Vapour Phase Testing

(25) In these Examples, the removal of nitrogen-containing contaminants from Bioethanol A was examined in the vapour phase using zeolite HY (SAR=5.2) as the adsorbent at 200 C. (Example 1), 150 C. (Example 2) and 130 C. (Example 3) and at ambient pressure.

(26) Nitrogen-containing contaminants were completely removed from Bioethanol B at 200 C. However, this temperature also resulted in the ethanol undergoing both etherification and dehydration reactions to give a mixture of water and the following carbon containing products; ethanol (11.9%), diethylether (38.3%), ethylene (49.1%) and ethane (0.15%).

(27) Reducing the reaction temperature to 150 C. resulted in lower conversion of the ethanol to diethyl ether (18.9%) and almost no conversion to ethylene (0.05%). No ethane was observed at 150 C. The GC-NPD chromatogram of the liquid fraction shows that almost all nitrogen compounds were effectively removed, the only exception was acetonitrile which was observed at 130 ppbw (40 ppbw of nitrogen).
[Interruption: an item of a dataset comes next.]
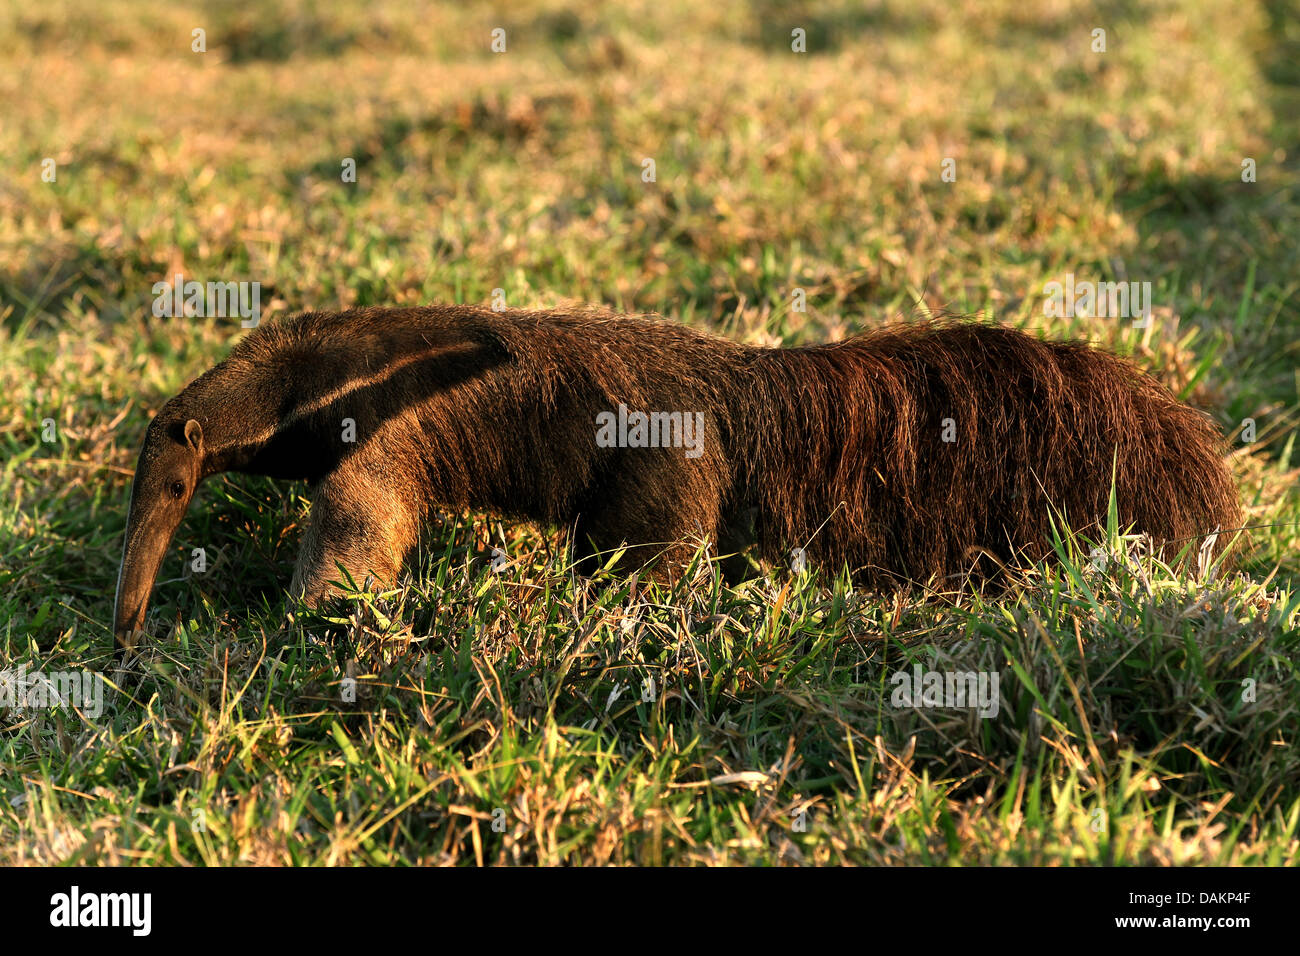 Giant anteater (Myrmecophaga tridactyla), camminando su erba, Brasile, Mato Grosso do Sul Foto Stock

(28) At 130 C. conversion of ethanol to diethyl ether was lower still (3.6%) with no observable formation of ethylene or ethane.

(29) It can clearly be seen from the comparison of the GC-NPD results of comparative Examples A and B and Examples 1 to 3, presented in FIGS. 4-5 and 6-8 respectively, that contacting the alcohol composition with the adsorbent in the vapour phase leads to an unexpected improvement in the removal of nitrogen containing impurities from the alcohol composition compared to when the alcohol composition is contacted with the adsorbent in the liquid phase.

Example 4

Vapour Phase Testing

(30) In this Example, the removal of nitrogen-containing contaminants from Bioethanol B was examined in the vapour phase using zeolite HY (SAR=5.2) as the adsorbent at 150 C. and at ambient pressure. The GC-NPD chromatogram is shown in FIG. 9.

(31) Nitrogen-containing contaminants were almost completely removed at 150 C., with the only exception being a small amount of acetonitrile (290 ppbw, corresponding to 100 ppbw of nitrogen). This result shows that, although the acetonitrile was not fully removed, the concentration is significantly reduced and the large amounts of other nitrogen-containing contaminants in Bioethanol B were completely removed.

Comparative Examples C and D

Liquid Phase Testing

(32) In these Examples, the removal of nitrogen-containing contaminants from Bioethanol B was examined in the liquid phase using H-Mordenite (H-MOR; SAR=20) as the adsorbent at 25 C. (comparative example C) and at 100 C. (comparative example D); the GC-NPD chromatograms are shown in FIGS. 10 and 11 respectively. In each of FIGS. 10 and 11, the bottom trace on the chromatograph corresponds to a synthetic ethanol composition which contained no discernable amounts of nitrogen-containing contaminants; the remaining three traces on the chromatographs correspond, from bottom to top, to the first, second and third day.

(33) The experiment using H-MOR (SAR 20) at 25 C. with Bioethanol B showed an unusual result in that less than 100 ppbw acetonitrile was detected. However, the concentrations of significant number of other organic nitrogen compounds remained unchanged.

(34) At 100 C. the H-MOR (SAR 20) showed enhanced removal of organic nitrogen compounds (compared to the 25 C. experiment) but significant levels remained (see FIG. 11). Acetonitrile was initially removed to below 100 ppbw (see 2nd chromatogram in FIG. 11), but at this temperature the effect was short lived with breakthrough observed on only the second day of the test (see the 3.sup.rd and 4.sup.th chromatograms in FIG. 11).

Example 5

Vapour Phase Testing

(35) In this Example, the removal of nitrogen-containing contaminants from Bioethanol B was examined in the vapour phase using H-MOR (SAR=20) as the adsorbent at 150 C. The GC-NPD chromatogram for this test is shown in FIG. 12.

(36) Nitrogen-containing contaminants were almost completely removed at 150 C., with the only exception being a small amount of MeCN (250 ppbw, corresponding to 85 ppbw of nitrogen).